Neuronal MHC-I expression and its implications in synaptic function, axonal regeneration and Parkinson's and other brain diseases

Abstract

Neuronal expression of major histocompatibility complex I (MHC-I) has been implicated in developmental synaptic plasticity and axonal regeneration in the central nervous system (CNS), but recent findings demonstrate that constitutive neuronal MHC-I can also be involved in neurodegenerative diseases by playing a neuroinflammtory role. Recent reports demonstrate its expression in vitro and in human postmortem samples and support a role in neurodegeneration involving proinflammatory cytokines, activated microglia and increased cytosolic oxidative stress. Major histocompatibility complex I may be important for both normal development and pathogenesis of some CNS diseases including Parkinson's.
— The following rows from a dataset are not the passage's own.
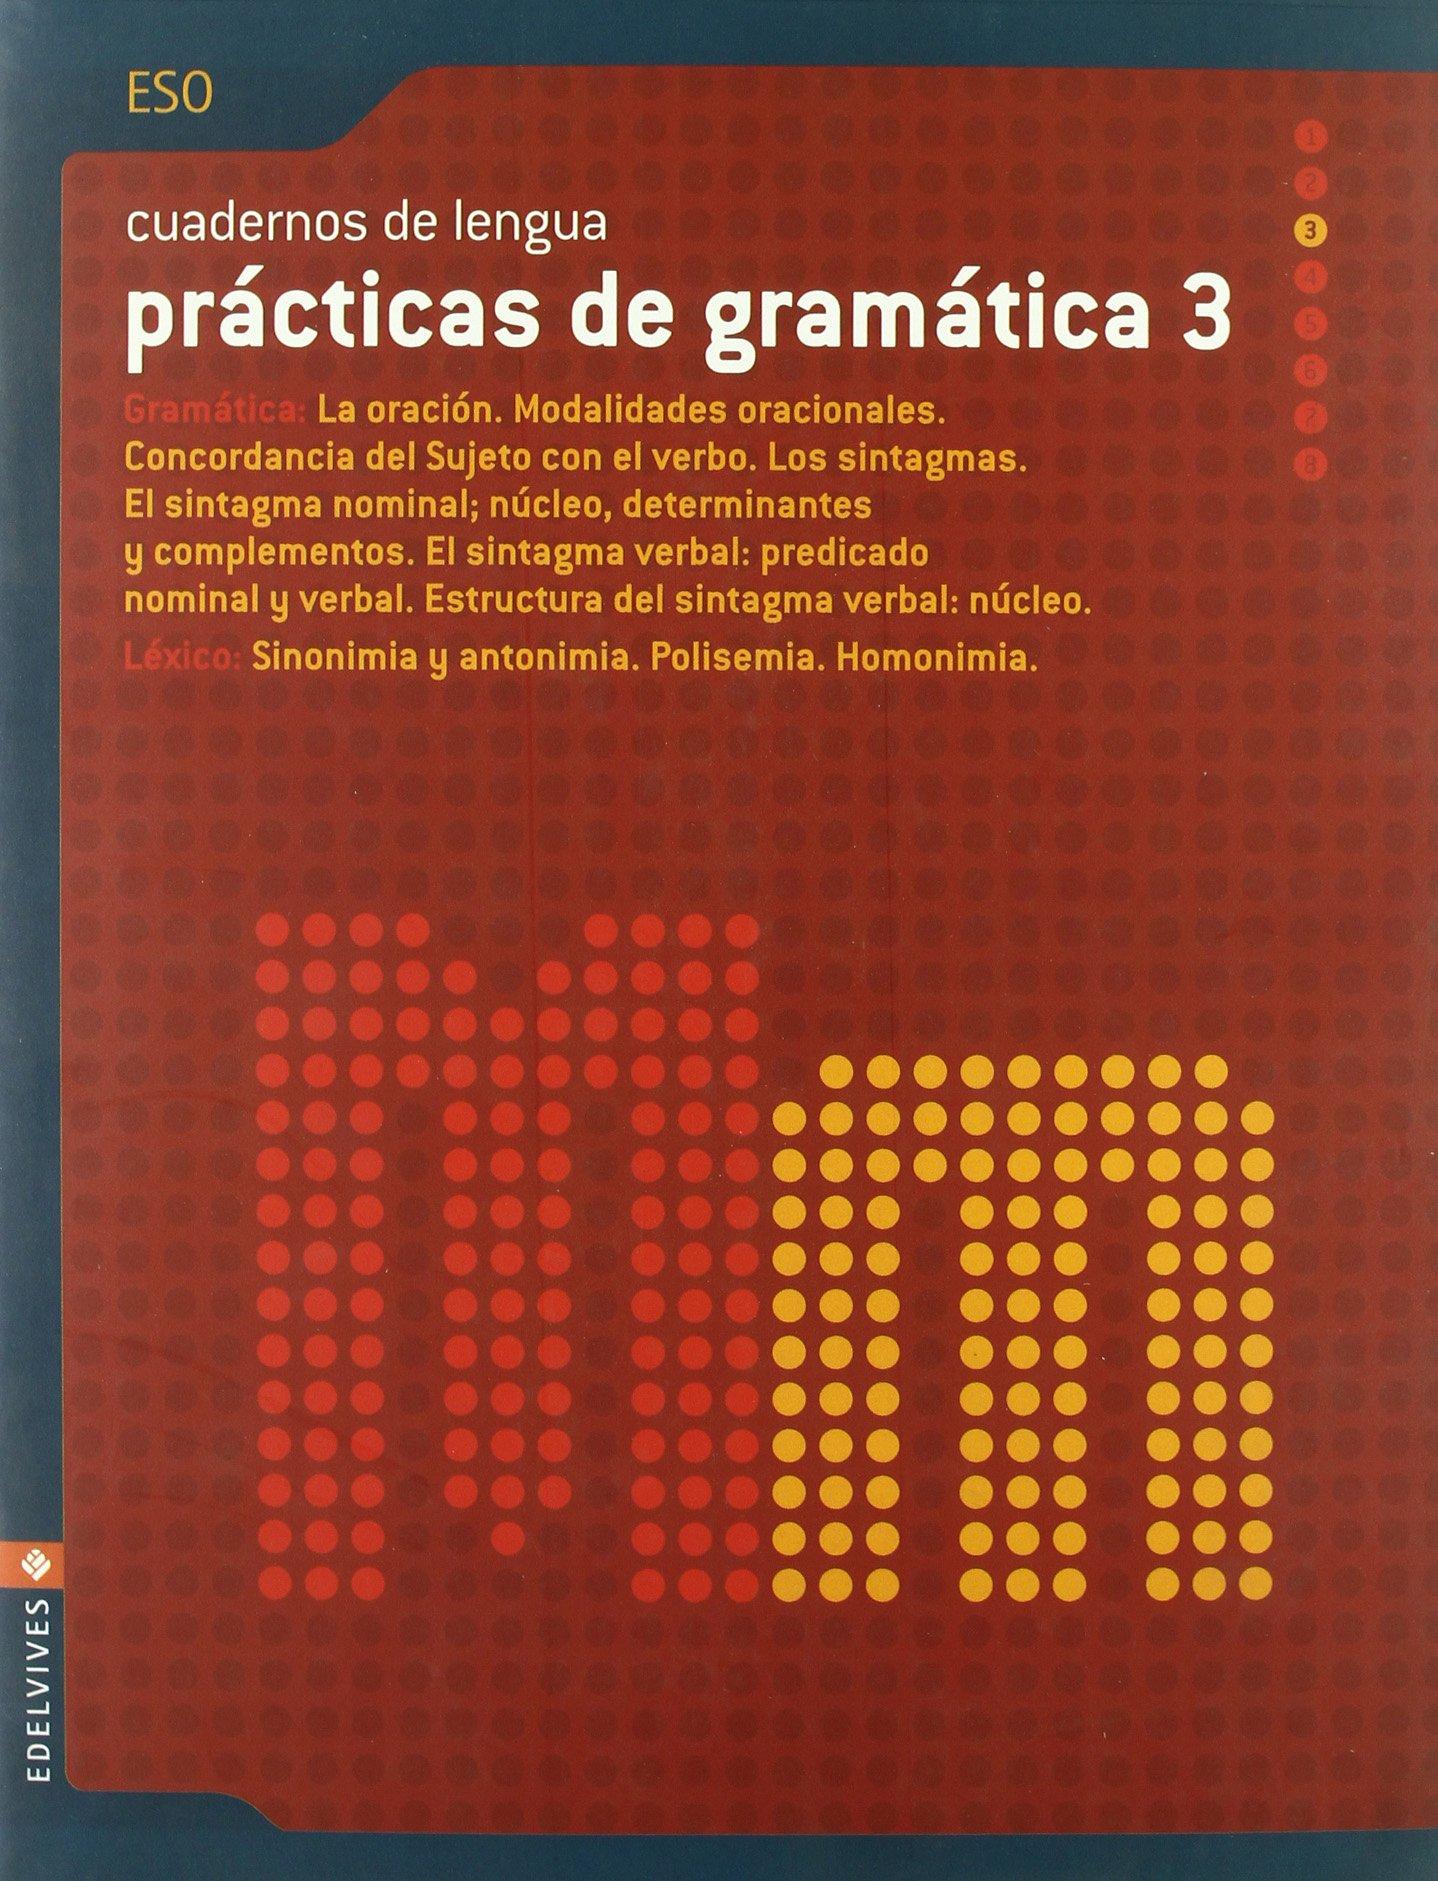 Prácticas Gramática ESO 3: Amazon.es: Luis Miguel Godoy Gómez, Francisco Martínez Cuadrado, Mª Reyes Morilla Díaz: Libros
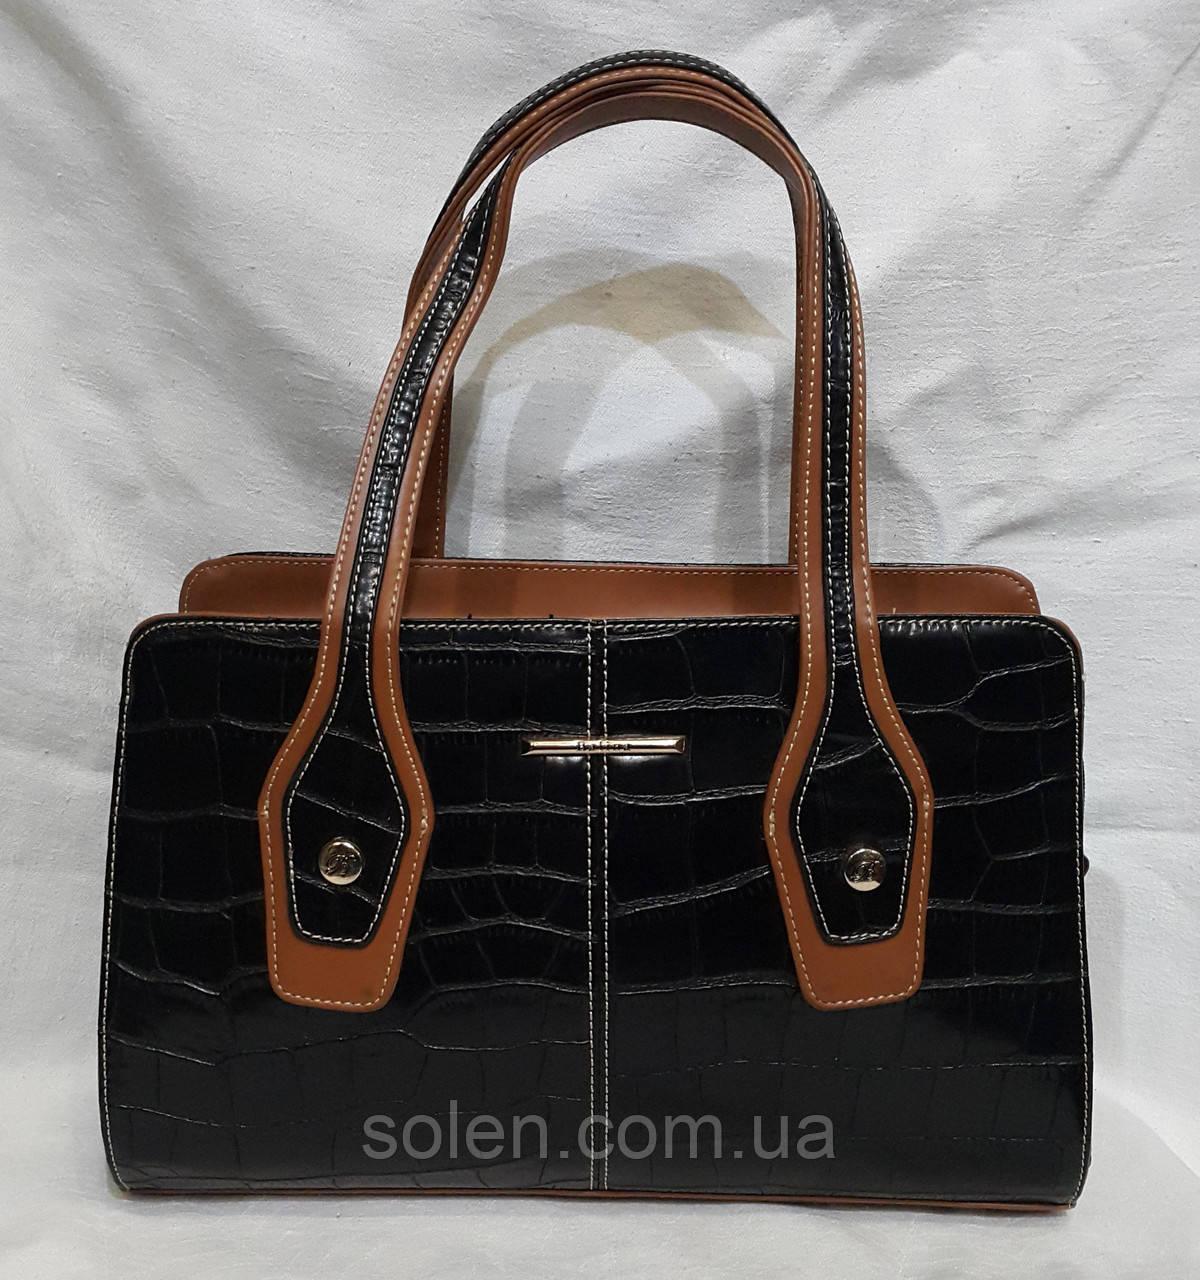 Женская сумка из кожзаменителя . Стильная сумка.
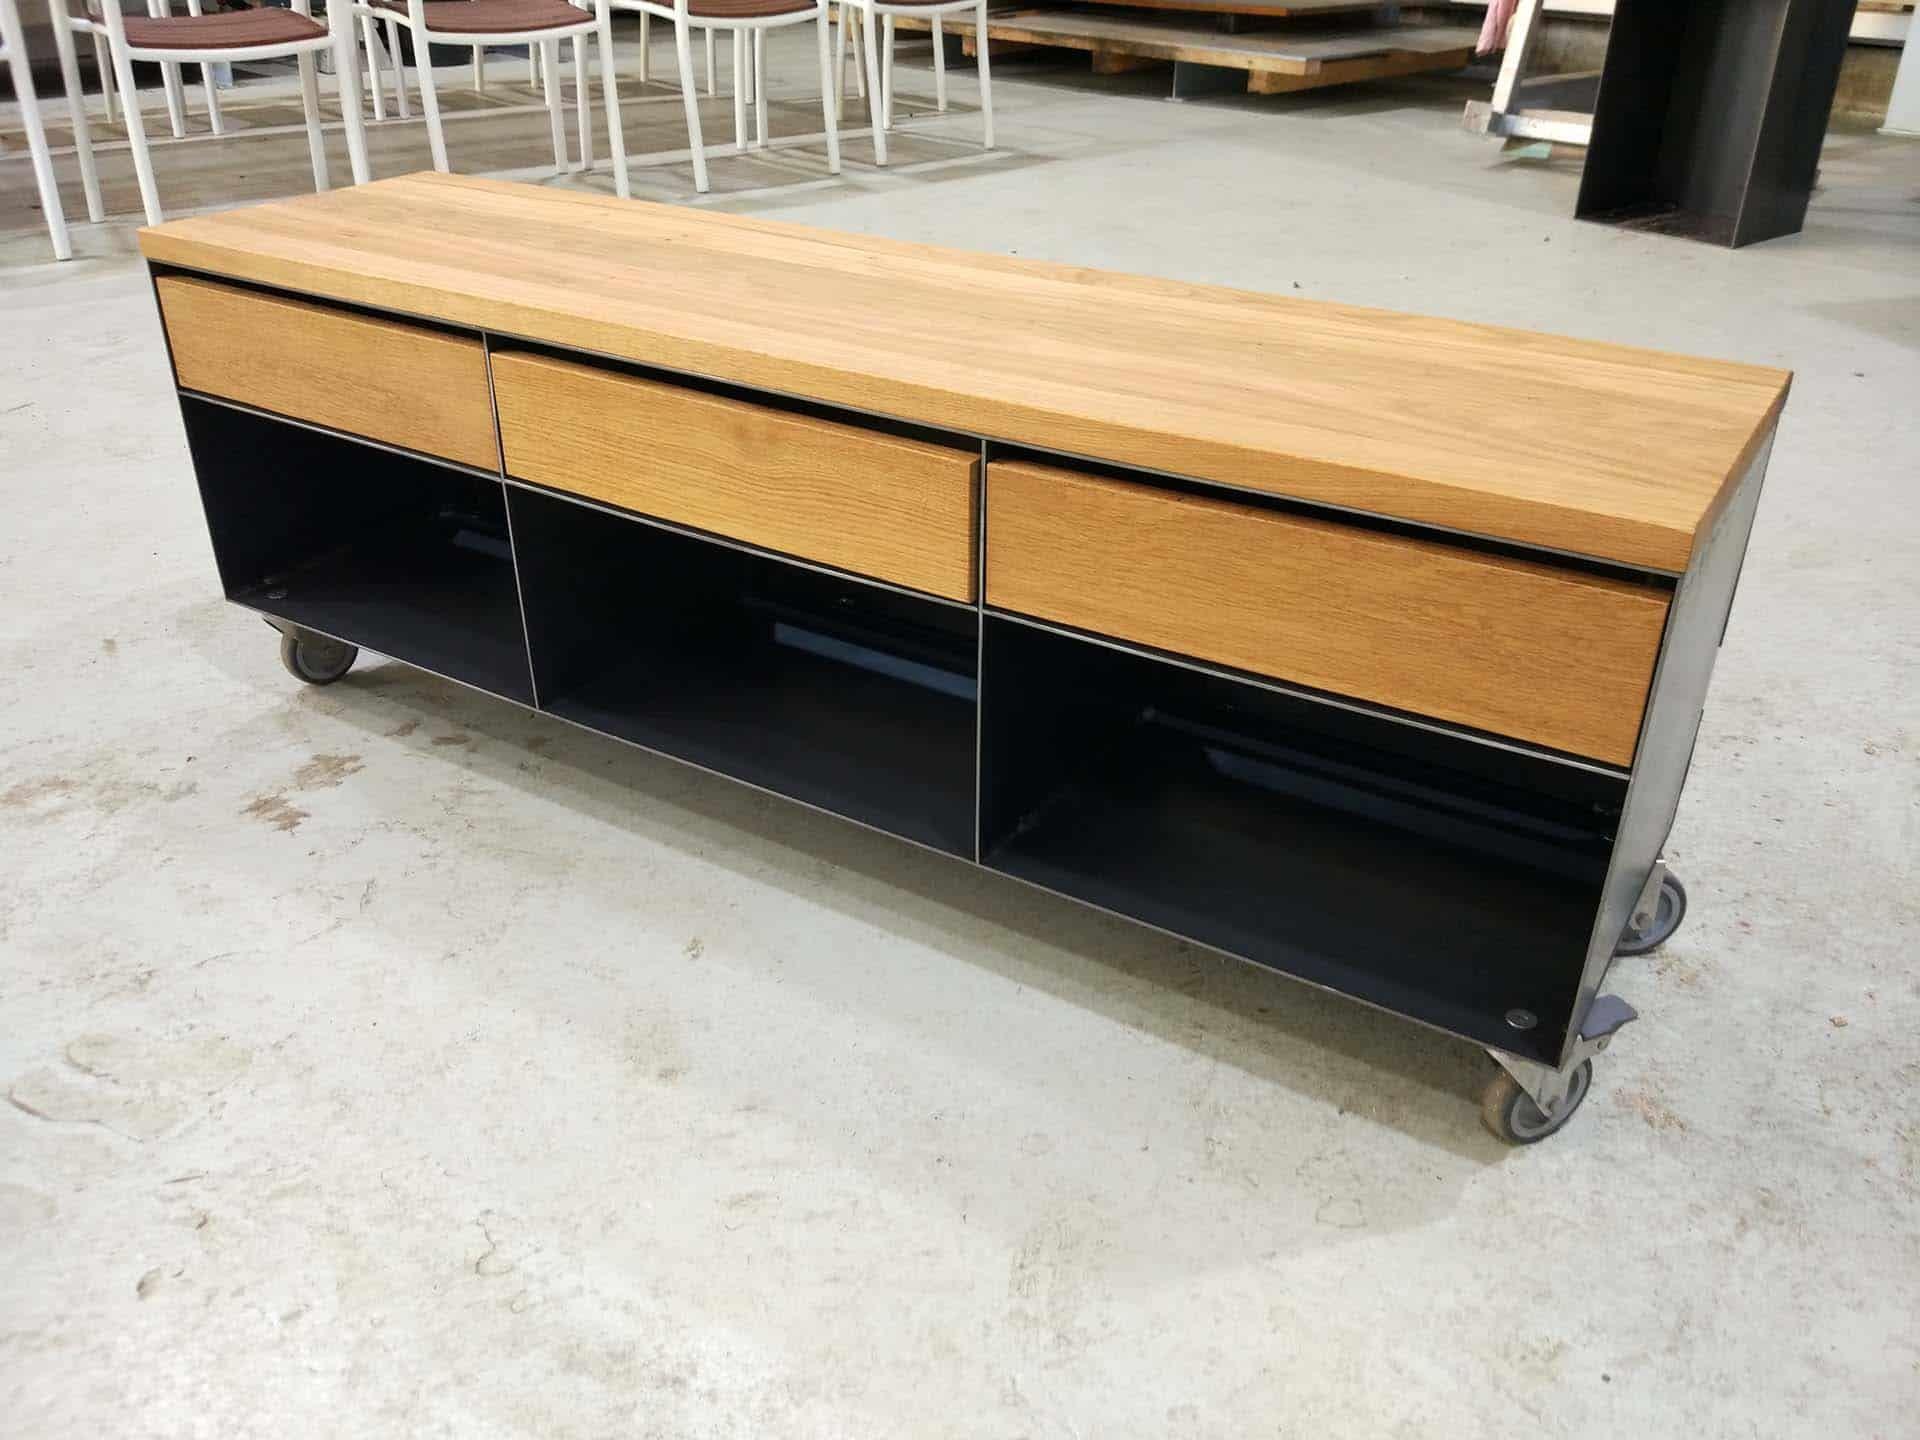 lowboard sideboard classic 003 (schwarz, grau, eiche, metall
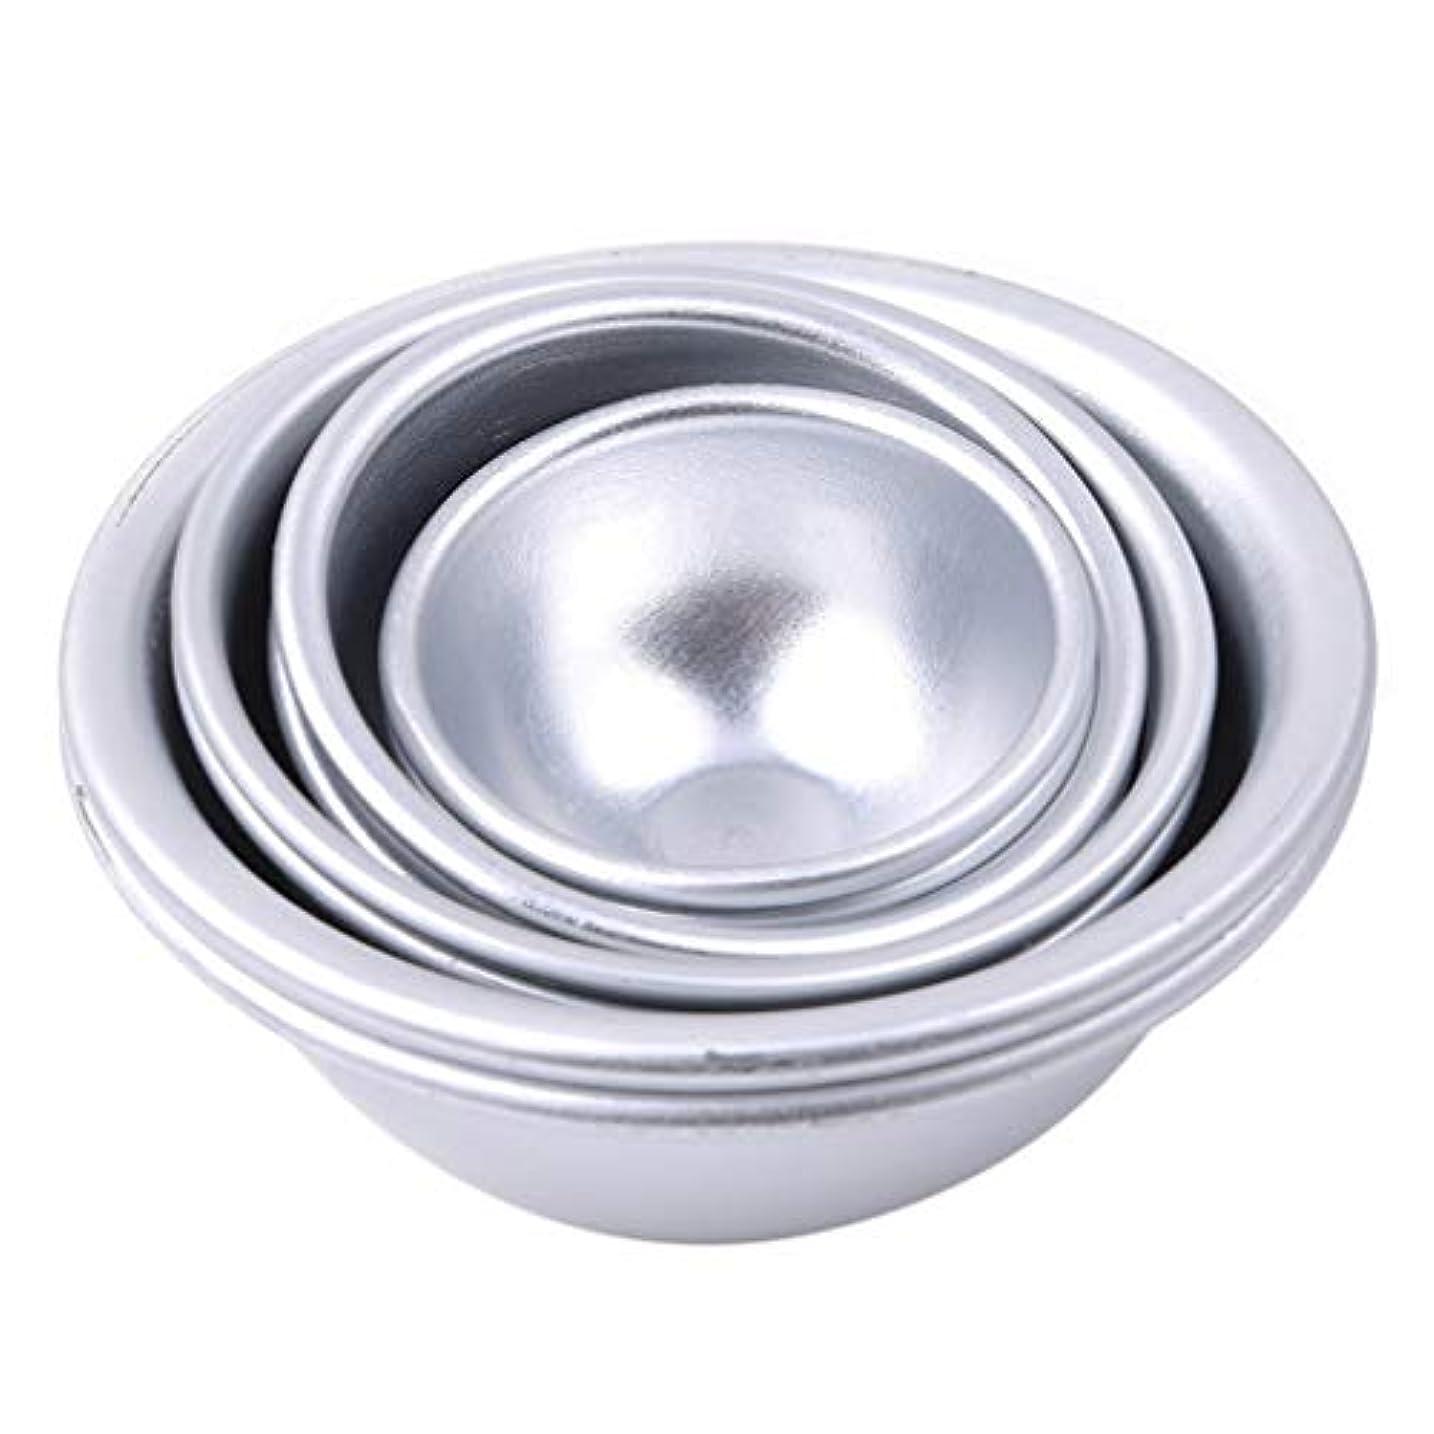 組み立てる経験的底Toporchid Diy風呂ボール型アルミ合金入浴ボール手作り石鹸ケーキパンベーキングモールドペストリー作りツール(style2)

Keywords: major histocompatibility complex class I; neurodegeneration; neuroinflammation; neurons; plasticity.

Figure 1

Model of a CD8+ cytotoxic T cell targeting an MHC-I expressing cell. Intracellular antigens are digested by the proteasome into small peptides. A specialized carrier, the transporter associated with antigen processing (TAP) complex, translocates the peptide into the endoplasmic reticulum (ER), allowing the antigen to bind MHC class I, which consists of an alpha and beta 2 microglobulin (β2m) chain. Endoplasmic reticulum-derived vesicles that contain the complex fuse with the Golgi. The complex is then packaged in secretory vesicles that fuse with the plasma membrane to insert the complex on the cell surface. Major histocompatibility complex I molecules present antigens to CD8⁺ cytotoxic T cells. The T cell CD8⁺ molecule recognizes MHC-I, while TCRs recognize specific antigenic peptides. The TCR complex contains CD3 and ζ(zeta) chains. Once the CD8⁺ T cell recognizes the target cell, apoptosis can occur in two ways: one uses the Fas ligand protein, which is expressed on the surface of the CD8⁺ T cells and binds to the Fas receptor on the target cell, which triggers apoptosis through the classical caspase cascade. The other uses secretion of granzyme B and perforin from T cell granules into the intercellular space between the cells.

Figure 2

Scheme modeling an initial insult and disruption of the blood brain barrier, with penetration of lymphocytes into the brain. In the event of death of a few catecholamine neurons, alpha-synuclein (α-syn) and neuromelanin (NM) are released to the extracellular space, activating microglial cells that in turn release proinflammatory substances such as interferon gamma (IFN-γ). This would induce major histocompatibility class I expression (MHC-I) in the membrane of catecholamine neurons, and if they contain proteins that are misfolded or cannot be normally degraded, these might be presented as antigens by MHC-I. Cytotoxic lymphocytes that enter the brain may recognize these presented antigens and kill the neurons, which would again release α-syn and NM. This could continue a vicious cycle that may contribute to the death of catecholamine neurons in Parkinson’s disease.